Using the assumptions made in 2000 by the National Beds Inquiry, which involved a modest package of home care and community nursing, a shift from residential care to home care would lead to a slight reduction in spending.

Changes in the funding system

Free nursing care in nursing homes has now been introduced throughout the UK, with some variations between countries. Variations in the average weekly sum met by the NHS would only have a marginal effect on the public/private spending balance. No effect on overall spending is assumed.

The costs of introducing free personal care would depend on the definition and coverage of personal care, and on the impact it would have on demand. The study followed the Royal Commission's approach, assuming that older people in care homes would be responsible for housing and living costs. Based on social security benefit rates at 2000 prices, these were assumed to be £135 a week. Older people in their own homes would remain responsible for the costs of meals and domestic help, but not for help with personal care.

Introducing free personal and nursing care would have an immediate effect, increasing public spending in 2000 from around £8.8 billion to about £10.3 billion. Private spending - on 'hotel costs' in care homes and on domestic care in the community - would fall from 32 per cent to around 20 per cent of all long-term care expenditure.

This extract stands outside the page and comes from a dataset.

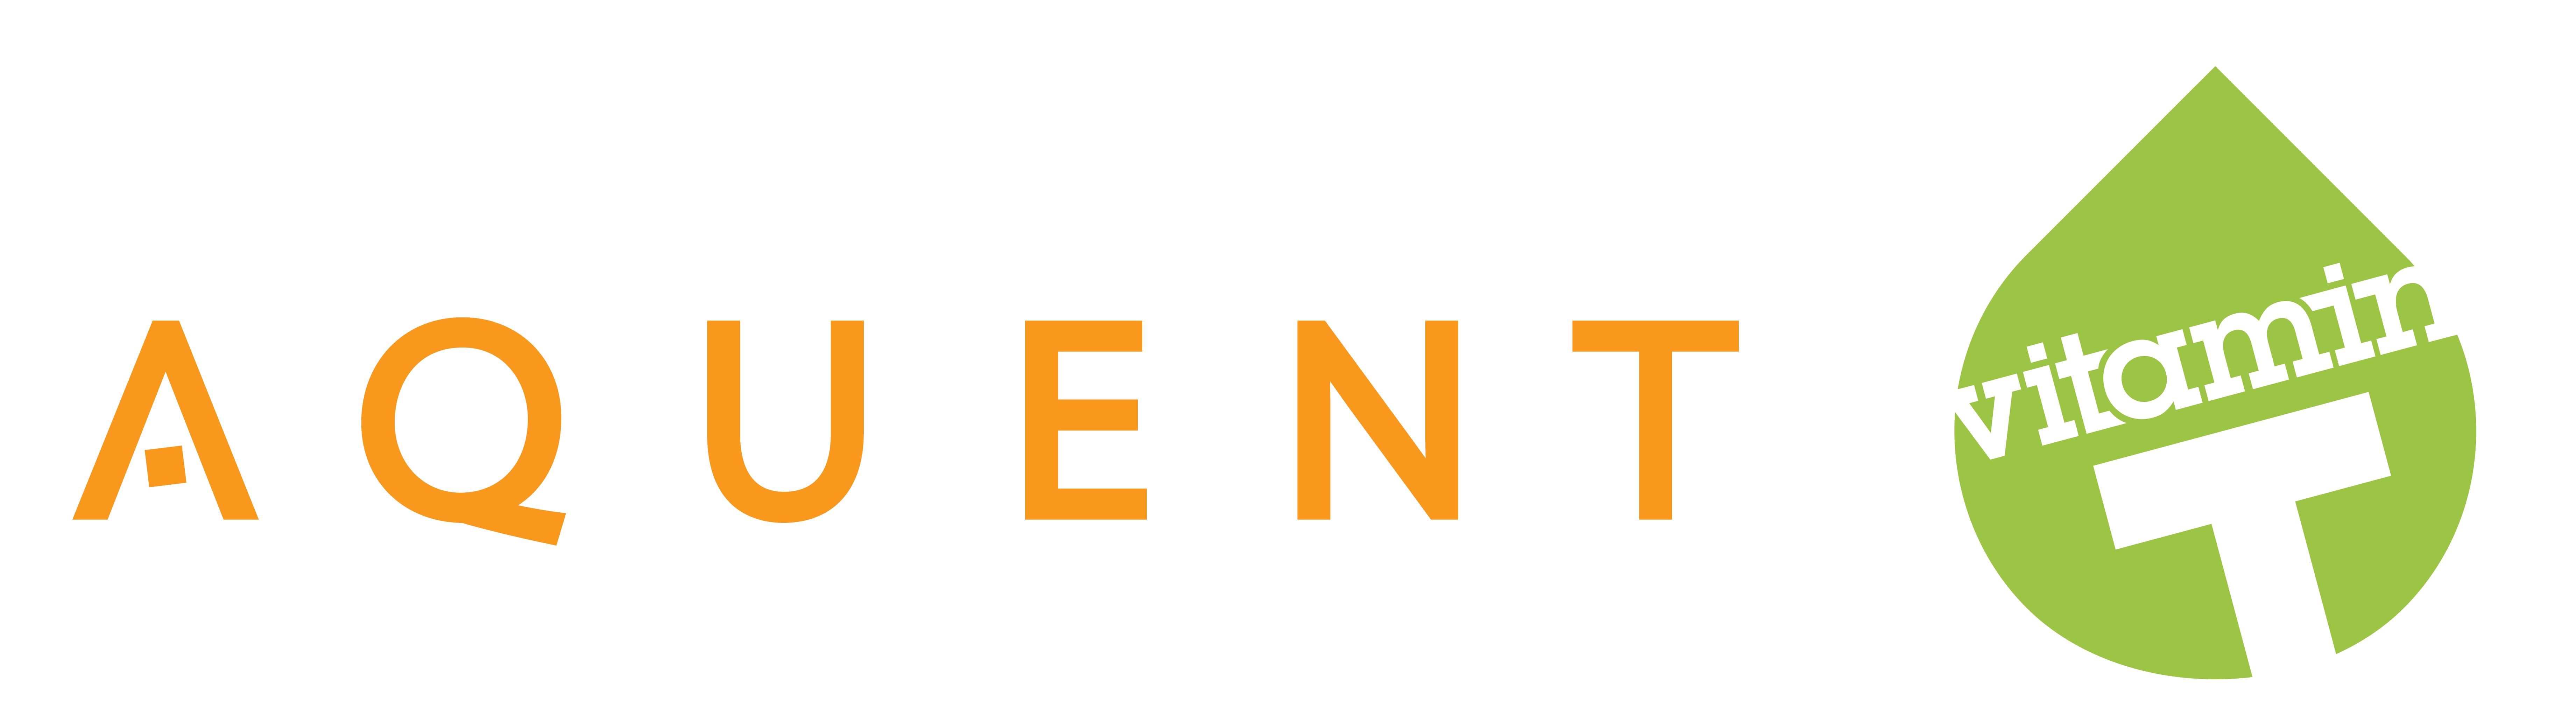 Aquent and Vitamin T Logo

The projections suggest that a scenario of free personal and nursing care would increase public spending to £42.6 billion in 2051 (1.45 per cent of GDP) as opposed to £35.4 billion (1.20 per cent of GDP) under the current funding system. These projections do not allow for an increase in demand.

If the numbers of people with dependency do not rise as fast as the central base case assumes, then even with a policy of free personal care the percentage of GDP spent on long-term care in 2051 might not be any higher than it is today. If, however, the numbers with dependency and the unit costs of care are higher than under the central base case, the percentage of GDP spent by the state in 2051 would be almost three times what it is today.

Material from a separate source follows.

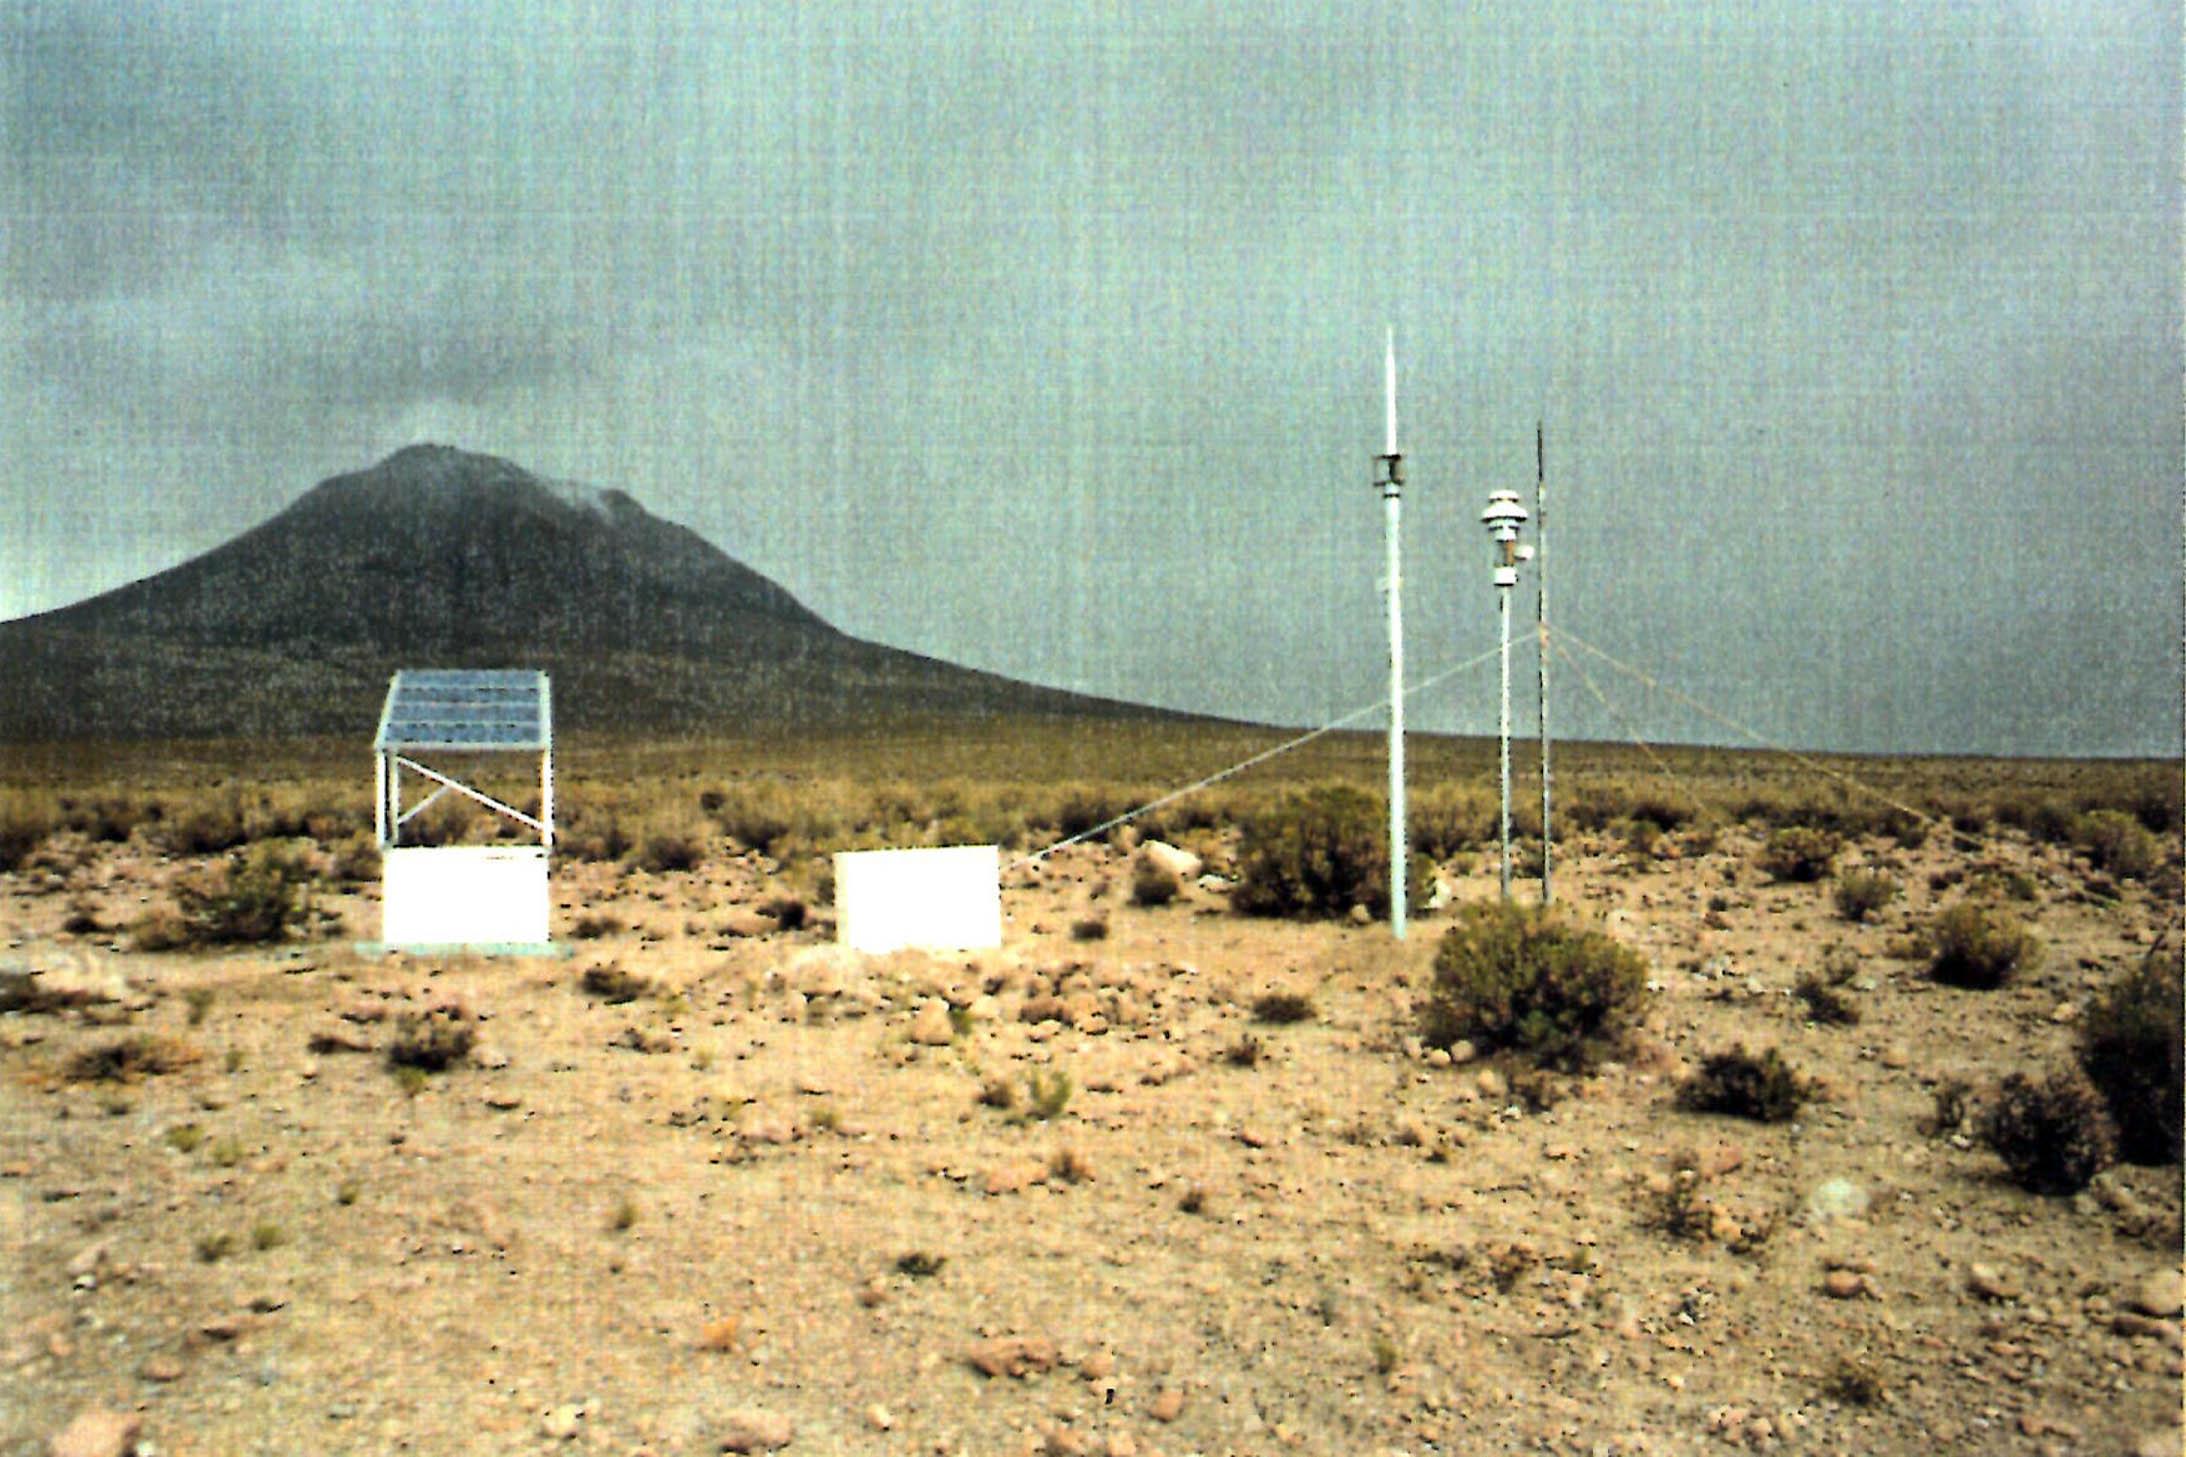 DORIS station: CARIQUIMA - CHILE

Figure 2 shows the changing balance between public and private financing under the current funding system and under free personal care. Public spending would constitute 79 per cent of all long-term care spending in 2051 with free personal care, compared with 66 per cent under the base case.

Introducing free personal care would probably affect overall demand, which would in turn affect expenditure. A 25 per cent increase in demand for home care would increase public spending in 2051 to 1.51 per cent of GDP as opposed to 1.45 per cent when no increase in demand is assumed.

Who would benefit from changes in funding?

The models can be used to investigate the distributional impact of changes to the funding system by considering the effect of such changes for care home residents in each third of the income distribution. Introducing free personal care would have no effect for the lowest income group as current funding arrangements already meet almost all their costs and they only contribute to 'hotel' services. The middle income group would see a small rise in the share of their fees met from public sources. Residents in the highest income group would see their share of fees reduced from 89 to 48 per cent. For nursing home care, the reduction would be from 69 to 34 per cent.

About the project

PSSRU had developed a macrosimulation model to make projections of demand for long-term care for older people under clearly specified assumptions. NCCSU had developed a microsimulation model of long-term care charges. IPPR had commissioned the two units to make projections of long-term care expenditure through innovative linkage of the two models. This project involved an update of the projections produced for IPPR, using the latest official population estimates for 2000 and population projections to 2051.

Development of the PSSRU model was funded by the Department of Health, development of the NCCSU model by the Nuffield Foundation and earlier work linking the two models by the Institute for Public Policy Research. Annabelle May wrote this Findings. All views reported here are those of the authors.